KURIKURIの夏はパフェ祭りの夏!毎週新作パフェが目白押し!

と、思いっきり断言してますが、毎年この季節は薄氷を踏む思いで過ごしているのもまた事実。

二週間に一回の新作デザートでさえ結構四苦八苦しているのに、パフェ縛りがある上に過去と同じものは作らないという制限を課しているので年を重ねるごとにネタ不足が深刻化してくるのです。

当然今年も例外では無く、梅雨入り頃には頭の中がパフェ一色。

本を読んでもテレビを見てもパフェのことが頭から離れず・・・・というのは大げさですが、常に頭の片隅に座敷童の如くパフェが棲みついていたのは事実です。

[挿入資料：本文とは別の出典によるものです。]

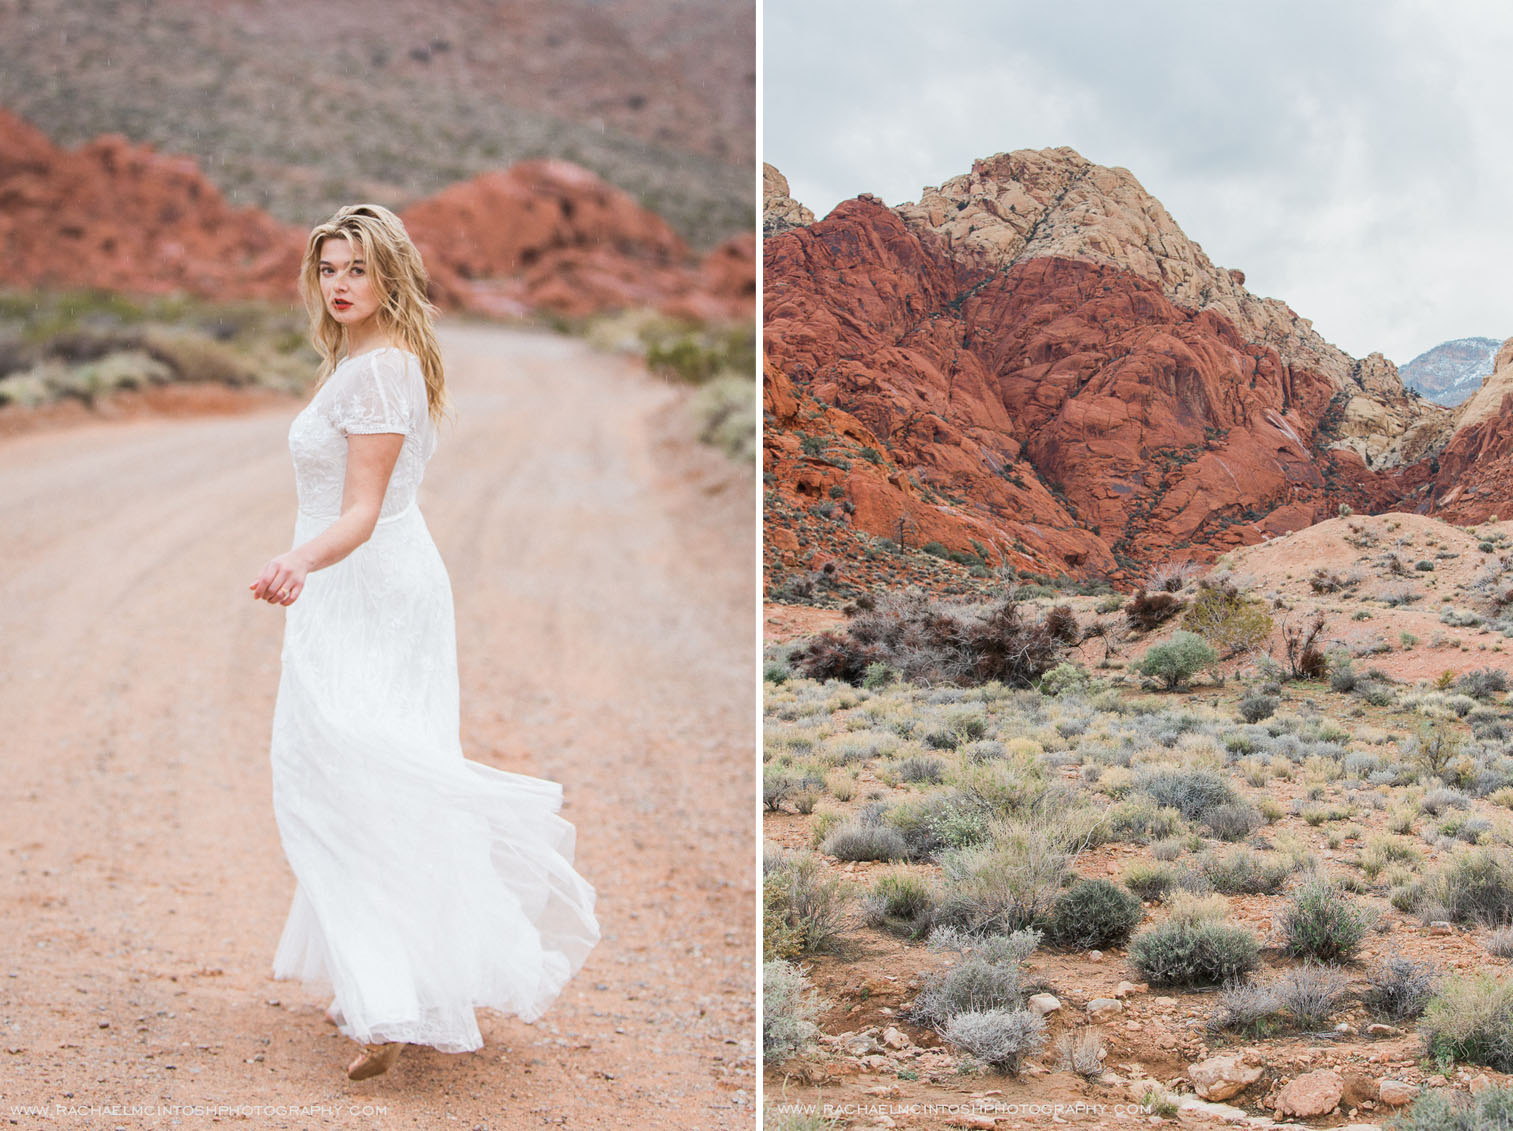 Khrystyana-styled-shoot-desert-wedding-36.jpg
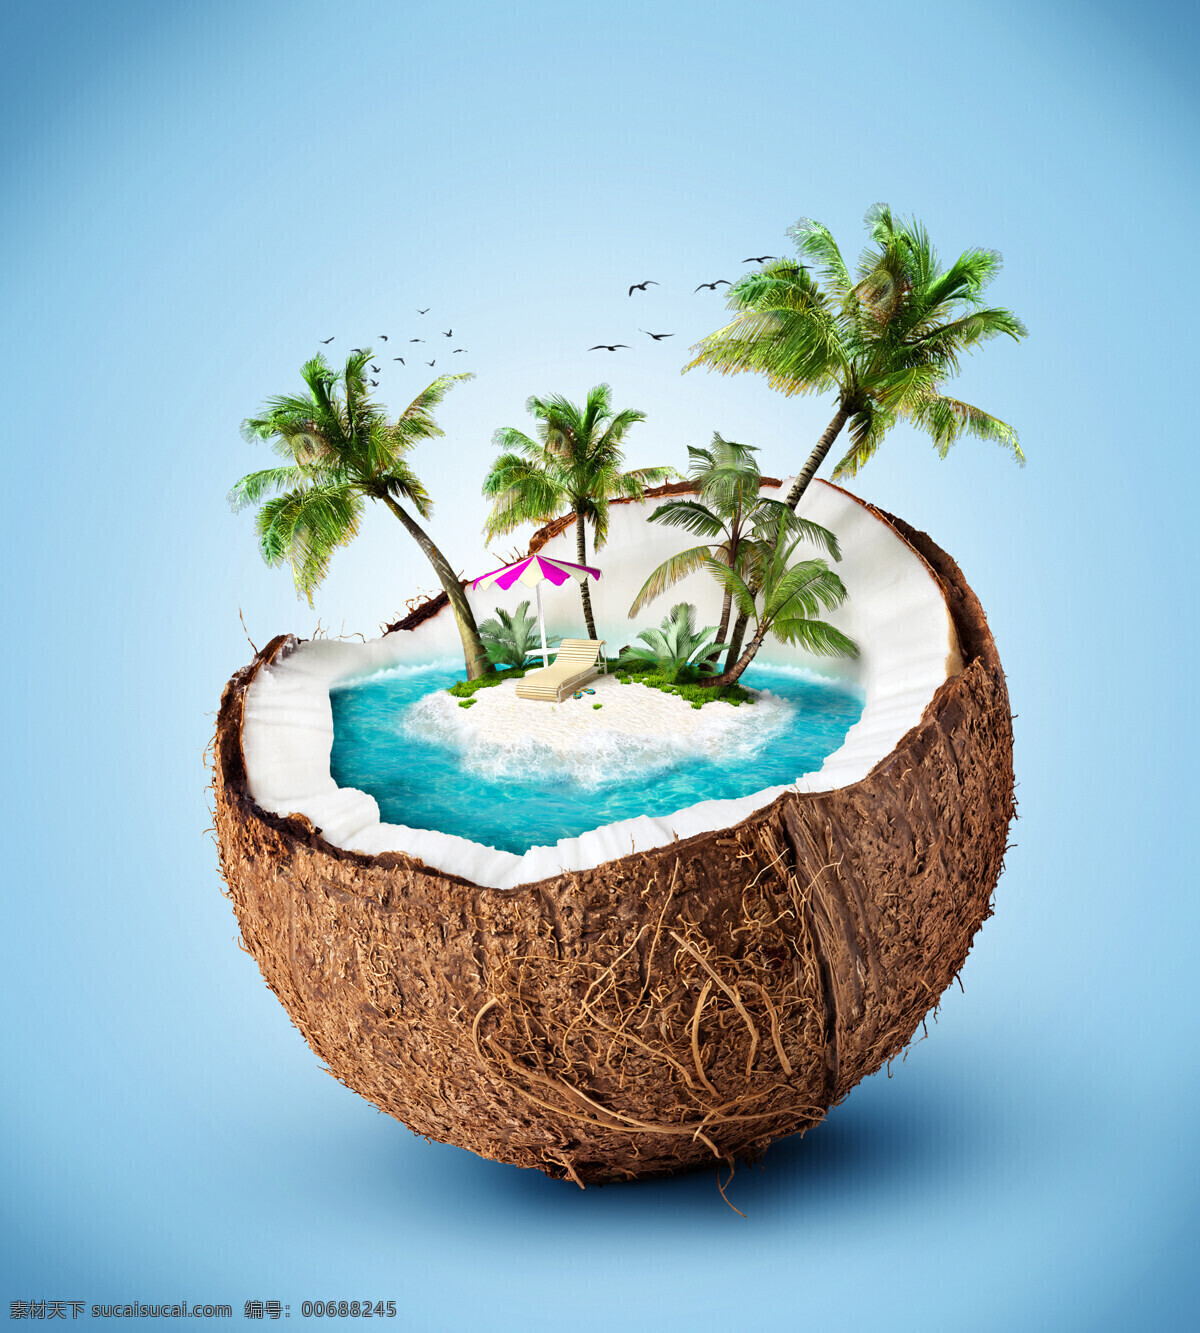 椰 壳 里 椰子树 椰壳 椰汁 岛屿 小岛 创意图片 其他类别 生活百科

そんなわけで毎日ネットで様々なパフェの画像検索などをしていたのですが、ある日ふと思いつきました。

「そうだ・・・京都に行こう!」

今まで数え切れないほど京の都に足を運んでいますが、それでも行くたびに何らかのヒントを掴む事ができるほど美味溢るる街。

しかも苦しい時の神頼みとなる神様だって数え切れないほどおわす街でもあります。

これは行くしかありません。

しかも例年ならば娘の夏休みに合わせてしか行けなかったのですが、今年は修学旅行で数日家にいないので、その隙にこっそり行くことも可能です。

そんなわけで七月の上旬、京都に行ってきました。

まずは「田ごと」本店で腹ごしらえ。

だしのきいた繊細な味と、気配り溢れるプロの接客で気持ちを京都モードに切り替えたら、錦市場にて腹ごなし。

ここで色々買い食いなんかしたいところではありますが、今回の目的は新しい甘味を探すこと。

美味しそうな香りに後ろ髪どころか総髪余すところなく引かれまくったのですが、ラプンツェルの如き毛髪力で誘惑を振り、向かったのは町家カフェ「サロン・ド・テ オ・グルニエ・ドール」。

最近流行の町家カフェは、それだけに当たり外れが多いという噂ですが、ここは資生堂パーラーの総製菓長を勤めた経歴のある西原シェフの「パティスリー オ・グルニエ・ドール」の直営店、菓子力の高さはハンパありません。

席に着く前にショーケースでケーキを選ぶのですが、ライチや薔薇といった普段見かけないような素材のものも多く、次のお客さんが入ってこなかったら永遠に悩み続けていたことでしょう。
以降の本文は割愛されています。